Think Tank: Why Tech Offerings for Luxury Brands Are a Problem — and How to Fix It

As recently as 2015, 40 percent of luxury brands didn’t sell their goods online. Two years later that number is dropping at a precipitous rate as even the staunchest holdouts begin to see the opportunity they’ve been missing for upward of a decade.

Now, as that 40 percent of the high-end market starts to play catch up, the luxury e-commerce space is approaching an inflection point. These digital newcomers will need to build an online sales presence from scratch, and they’ll have a lot more to think about than just taking payments and displaying product photography. They have years of history and heritage to preserve and promote, an exacting client base that’s used to being catered to, and not least of all, a price point that demands an elevated user experience.

But, with challenges come opportunities. These brands are entering into an unimaginative luxury marketplace that is largely failing to offer customers an e-commerce experience as unique and special as the products they’re offering. That means there are rewards for the taking if these newcomers are brave enough to break the mold and begin to innovate on the luxury e-commerce experience.

So how can these new entries begin to infuse fresh ideas and approaches into what has become a sea of sameness? And how can the digital old guard better leverage technology to make shopping online as elegant and individualized as shopping in a luxury retail store?

To convince consumers to spend luxury prices for items they likely haven’t touched or seen in real life, all of these brands need to blend content, data-driven personalization and perfectly seamless transactions. Their customers need to feel pampered and special. It has to be better than any other e-commerce experience.

To get there, they’ll need to shift away from the same tired tricks — using buzz generating fashion ”events” and gimmicky collections to grab attention for themselves, over-reliance on collaborations, celebrities, socialites and bloggers, and instead invest in the less glamorous endeavor of building powerful, flexible, data-driven technology platforms they can use to focus on the customer and bring them an experience far beyond your run-of-the-mill e-commerce transaction.

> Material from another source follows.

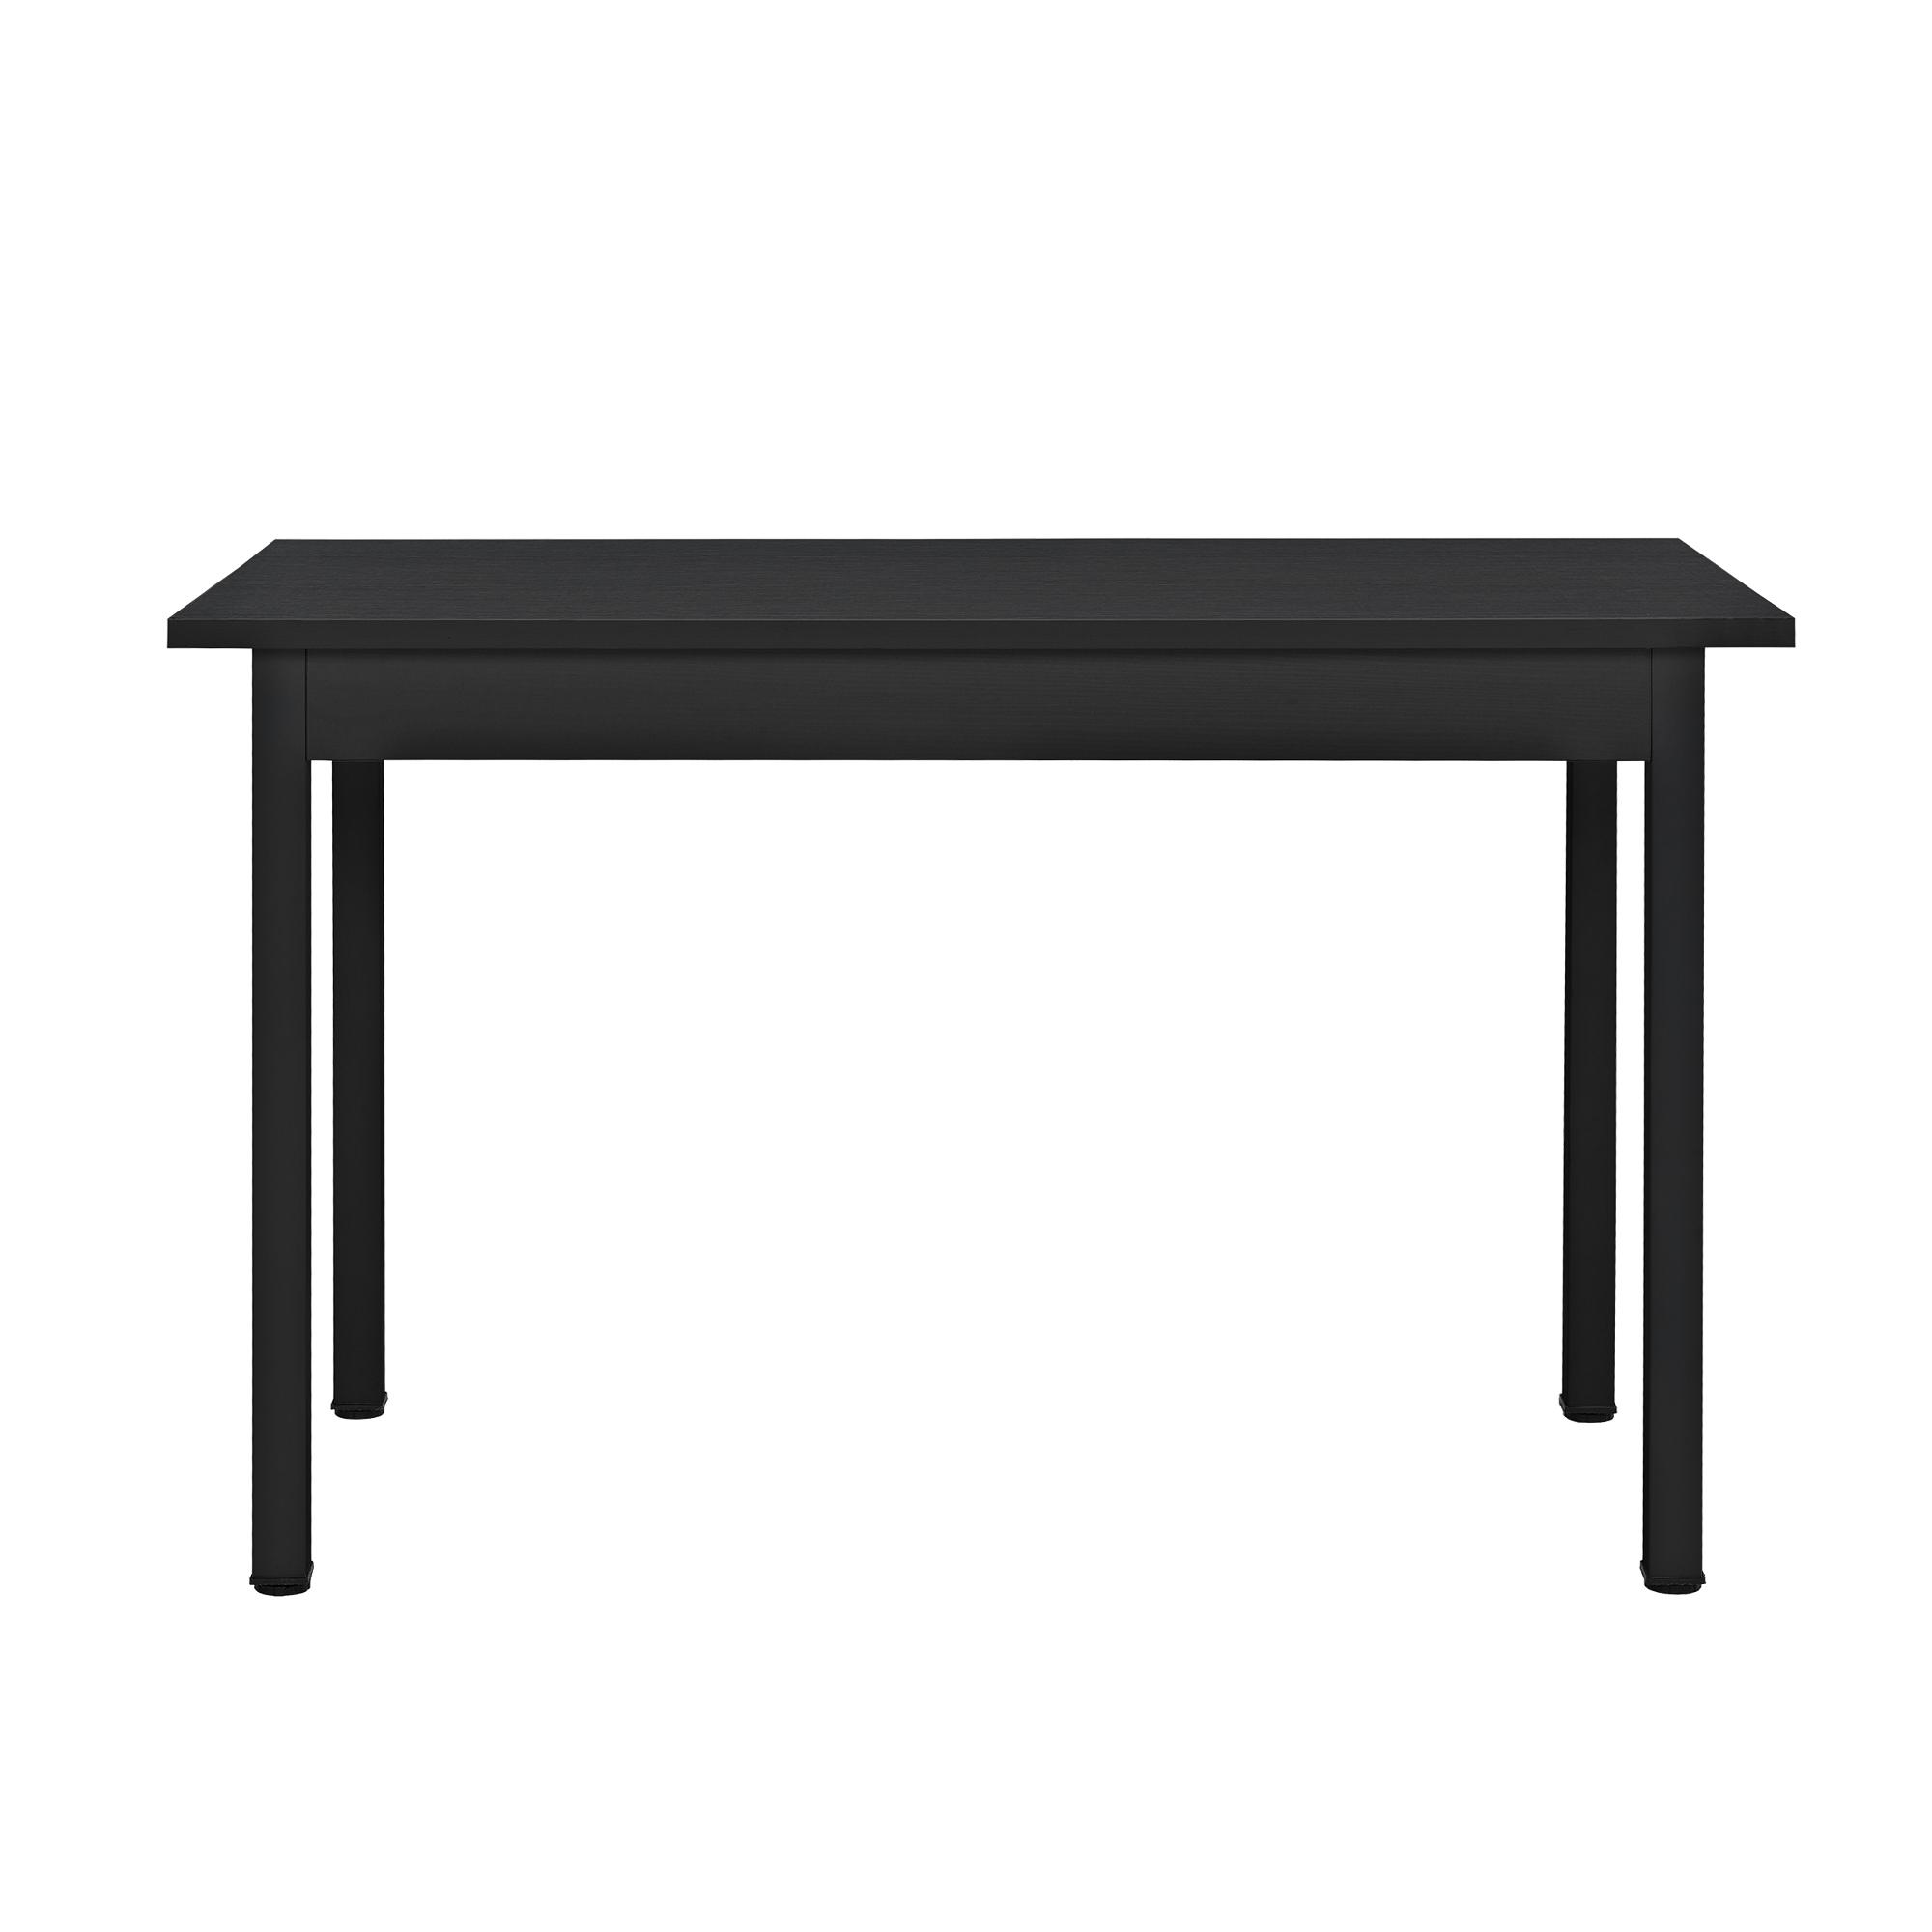 Tavolo da pranzo 4 sedie nere 120x60cm tavolo for Tavolo cucina 4 posti

In recent years, luxury brands have been asking the wrong questions. It’s not about how to make people pay attention to you, it’s about drilling down and asking what kinds of experiences luxury consumers want. How do they want to shop for things? What can we bring them through a mix of digital and physical encounters that will make them truly happy and inspired?

Getting to those answers isn’t as simple as just asking the customer what could make their experience better. After all, it’s not up to the consumer to innovate for a brand. In the famous words of Henry Ford, “If I had asked people what they wanted, they would have said faster horses.”

It’s up to the brand to collect the right data, and interpret what it’s telling them in new and innovative ways. And if the results don’t align with the uniform experience most luxury brands are offering online, they need to be brave enough to take down their old systems and do the hard work of coming up with a better way on their own.

It also means knocking down silos within a business, and building truly cohesive teams that work in service to the consumer. The retail teams, both digital and physical, need to know exactly what the social and marketing teams are doing in real-time. Luxury brands are built on story and heart just as much as they do a superior product. In the digital era, every part of a company needs to be able to carry forward that story as it’s being told in public, in real-time, whether it’s a new product that’s being showcased on social media, or a lofty, emotional new ad campaign. This is the only way to meet the expectations of the customer that’s reacting to it.

Brands need a unified mind-set to pull this off, and a suite of modern systems to drive them forward. Relying on outdated data or communicating through legacy systems is no way to operate when the competition is coming online for the first time with the most up-to-date tools available. One out-of-date system can torpedo even the best-intentioned omnichannel strategy, and ruin a brand’s chances at presenting a seamless, unified experience to consumers. From top to bottom — IT to marketing to retail to training and customer service — data and information must flow smoothly, and so must the mentality that we’re all in it together, with one consumer-oriented goal.

Passion and craft are what made the best luxury brands successful, and keeps them going, sometimes hundreds of years after they started. Luxury goods are what you get when people work that much harder to create something. They’re the product of exacting standards, true care, hard work and the desire to create something that surpasses every other version. There’s no reason luxury houses can’t apply those same, long-standing principles to the technology that now must drive their brands. They just need to be brave enough to stand up and do so.

Tony King is founder and chief executive officer at King & Partners.